Additional drugs to manage symptoms and complications
Doctors should help people deal with symptoms and other effects of Lyme disease appropriately, including other medications or practical support. Many patients with long term Lyme disease symptoms are prescribed drugs to manage the symptoms of the disease, even if they are not taking antibiotics. The commonest drugs prescribed include painkillers, antidepressants and sleeping pills.
Can Lyme disease go away by itself?
Some people are found to have Lyme disease antibodies, without recalling ever having been ill with Lyme disease. When an illness goes away by itself after a while, like a cold or influenza, it is called a “self-limiting illness”. Lyme disease is not a self-limiting illness for some people, but it appears that it is for others.
There is no evidence on how many people have recovered from Lyme disease without treatment, nor a theory as to why some people do whilst others do not.
Can you recommend a Lyme disease specialist or private clinic?
Unfortunately, the NHS lacks Lyme disease specialists. One of the things we as a charity are hoping to see in the future is a “Centre of Excellence” for Lyme disease, where doctors from various disciplines see higher number of Lyme disease patients and start building up clinical experience.
On the NHS, Lyme patients in the UK are generally seen by their GP, and possibly referred to consultants in various disciplines (infectious diseases, rheumatologists, neurologists etc)., depending on their overriding symptoms. If your GP needs help finding someone, he or she may wish to phone the National Reference Laboratory (the Rare and Imported Pathogens Lab) as their experts are well networked and may be the best positioned to suggest a suitable consultant.
Caudwell LymeCo is not able to recommend individual doctors who treat Lyme disease privately, nor doctors who use treatments outside those recommended by the NHS. This is because there is no way we can predict what the outcome will be for any patient. There is currently a completely unsatisfactory situation whereby we know that the so-called “standard” treatments fail to cure lots of patients, but we do not know what actually will cure them. Without this proof we would not be in a position to recommend any private specific clinic, doctor or treatment.
Alternative and experimental treatments
Long-term antibiotic therapy
Some doctors who treat long-term Lyme disease patients privately – most of whom work outside the UK – prescribe long term antibiotics for patients whose symptoms have not cleared up after standard courses of antibiotics. They may prescribe other drugs as well, intravenous antibiotics or combined antibiotic therapies. Treatments may last months.
These treatments are experimental, as there is a lack of published research demonstrating that such approaches are effective.
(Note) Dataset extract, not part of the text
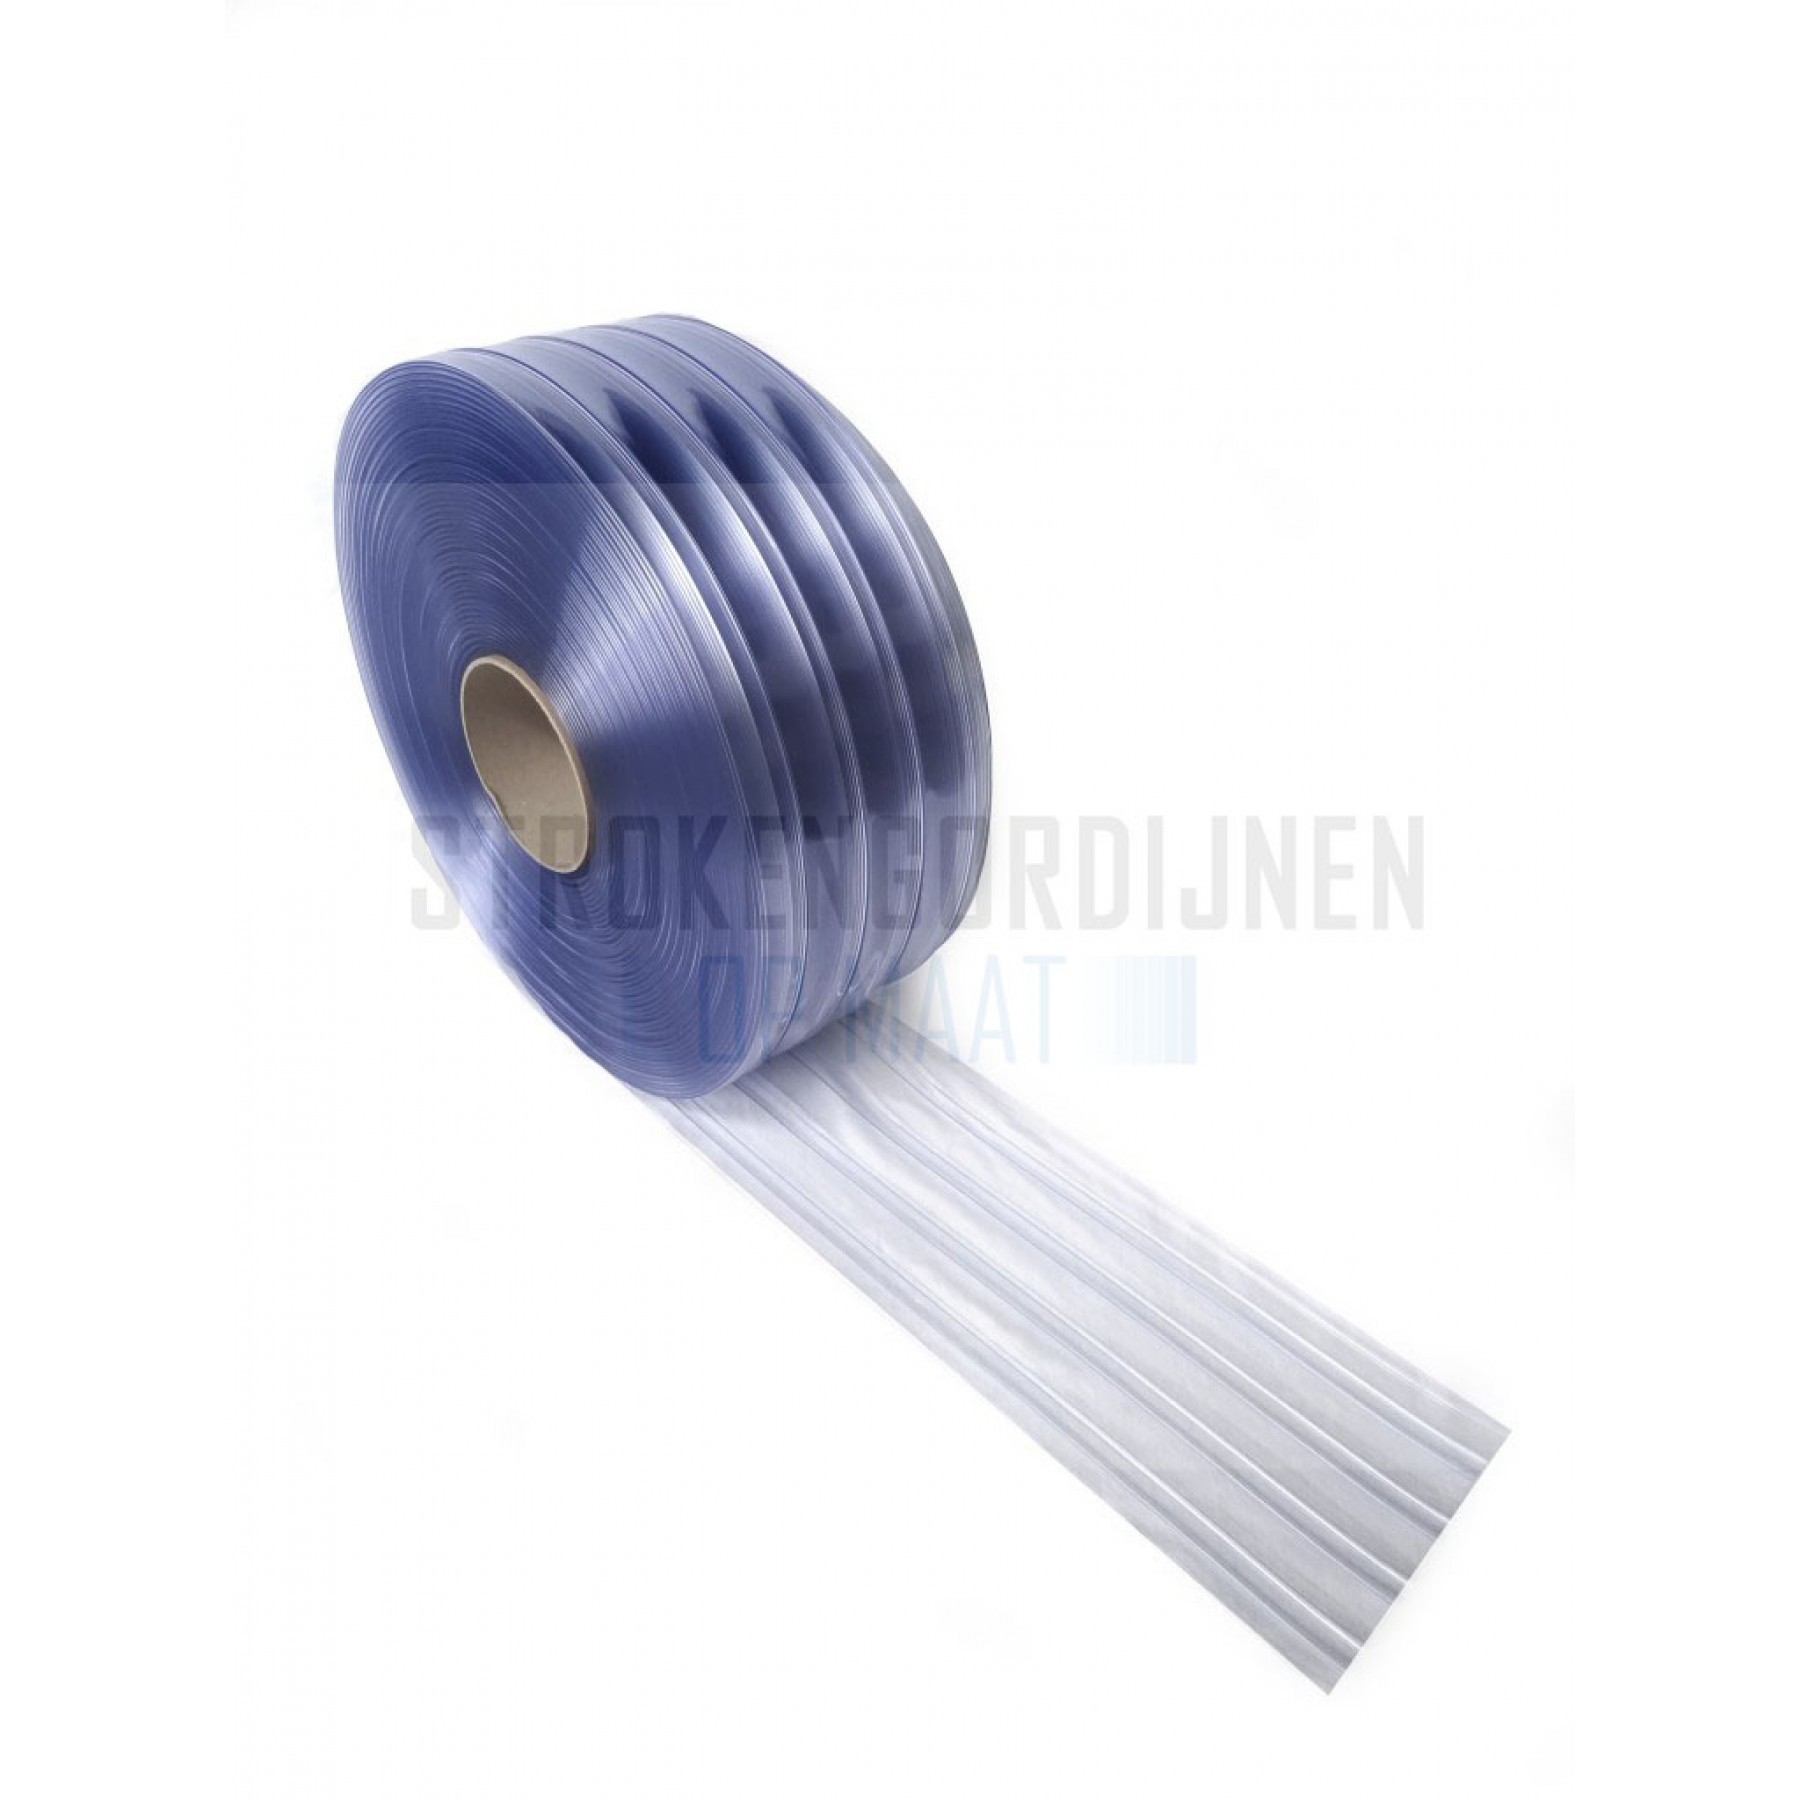 PVC Ribbed Rolle, 300mm breit, 3mm dick, 50 Meter lang, transparent

There is also, however, a lack of evidence that they are not effective. This is a controversial area, amongst patients as well as doctors. More research is desperately needed.
Antimicrobial herbal therapy
Some patients, with persistent symptoms after standard treatment with antibiotics, take herbal remedies.
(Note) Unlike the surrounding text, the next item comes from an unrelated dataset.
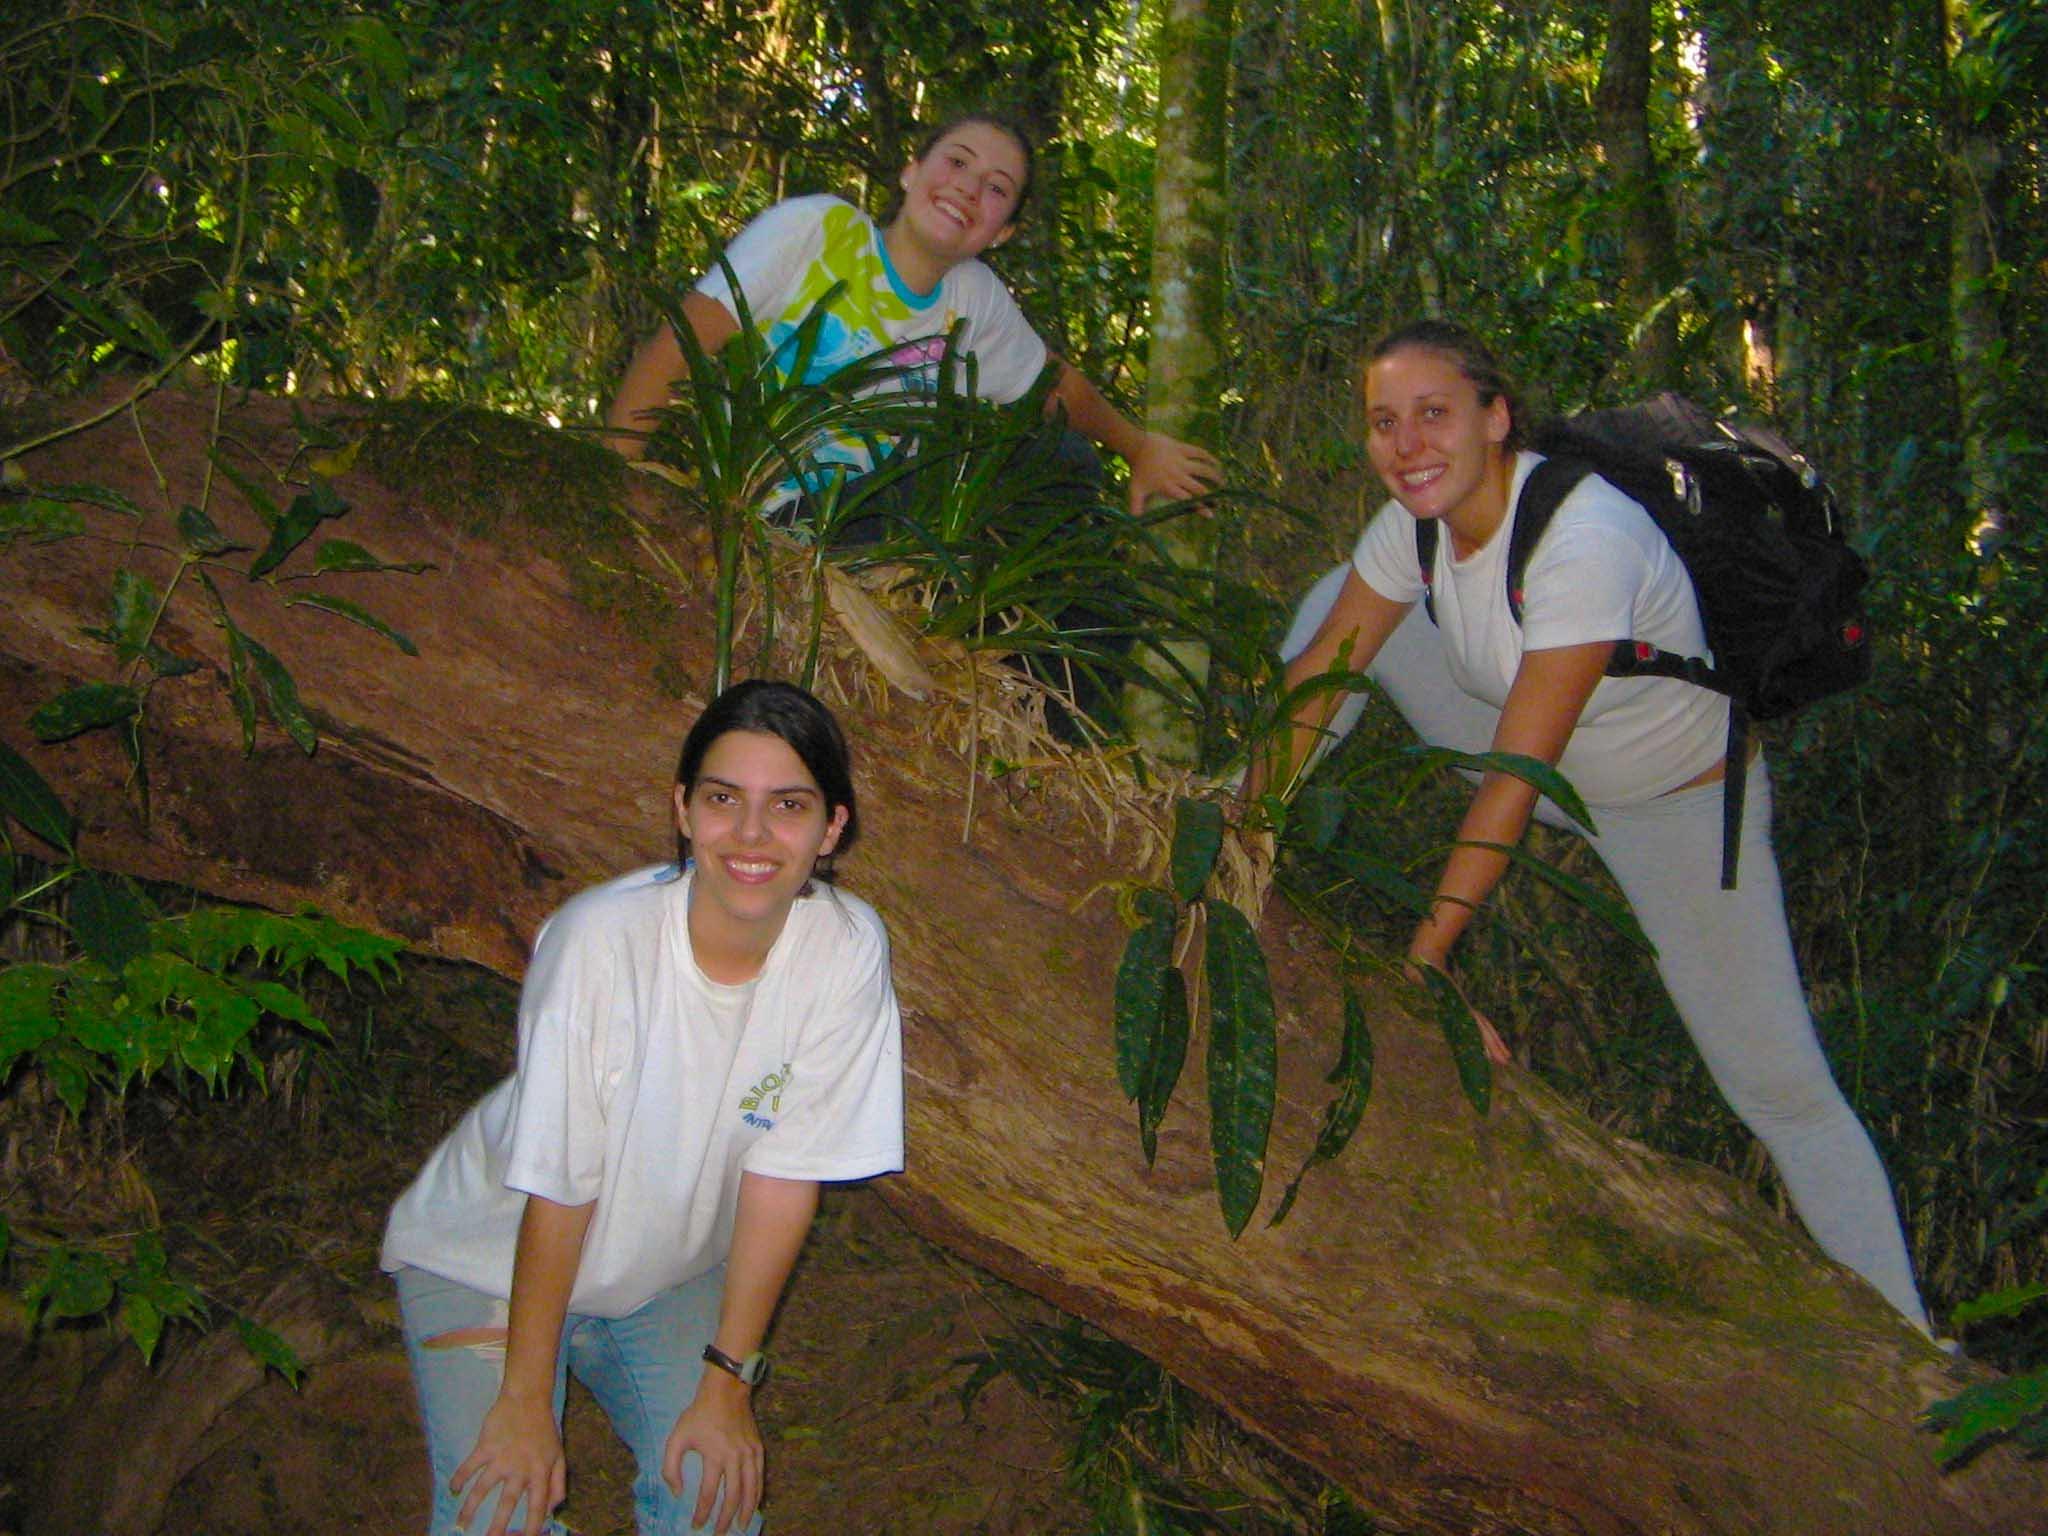 Obstáculos na trilha do Pico do Baepi

Commonly used antibacterial protocols for Lyme disease include:
- Cowden Protocol, claimed to be based on herbs from the rainforst used by native Americans to treat Lyme disease for generations
- Buhner Protocol, developed by a herbalist who has experimented with his own protocol for Lyme and co-infections
- Lyme Plus Protocol, developed in Europe by a clinic and university researchers, claimed to target European strains of Lyme and several co-infections.
Some patients with persistent Lyme disease symptoms take nutritional supplements. These are intended to support their immune systems and ease various symptoms but not to cure the infection. Some nutrients commonly taken include magnesium, vitamin C, vitamin B12 and all the B vitamins.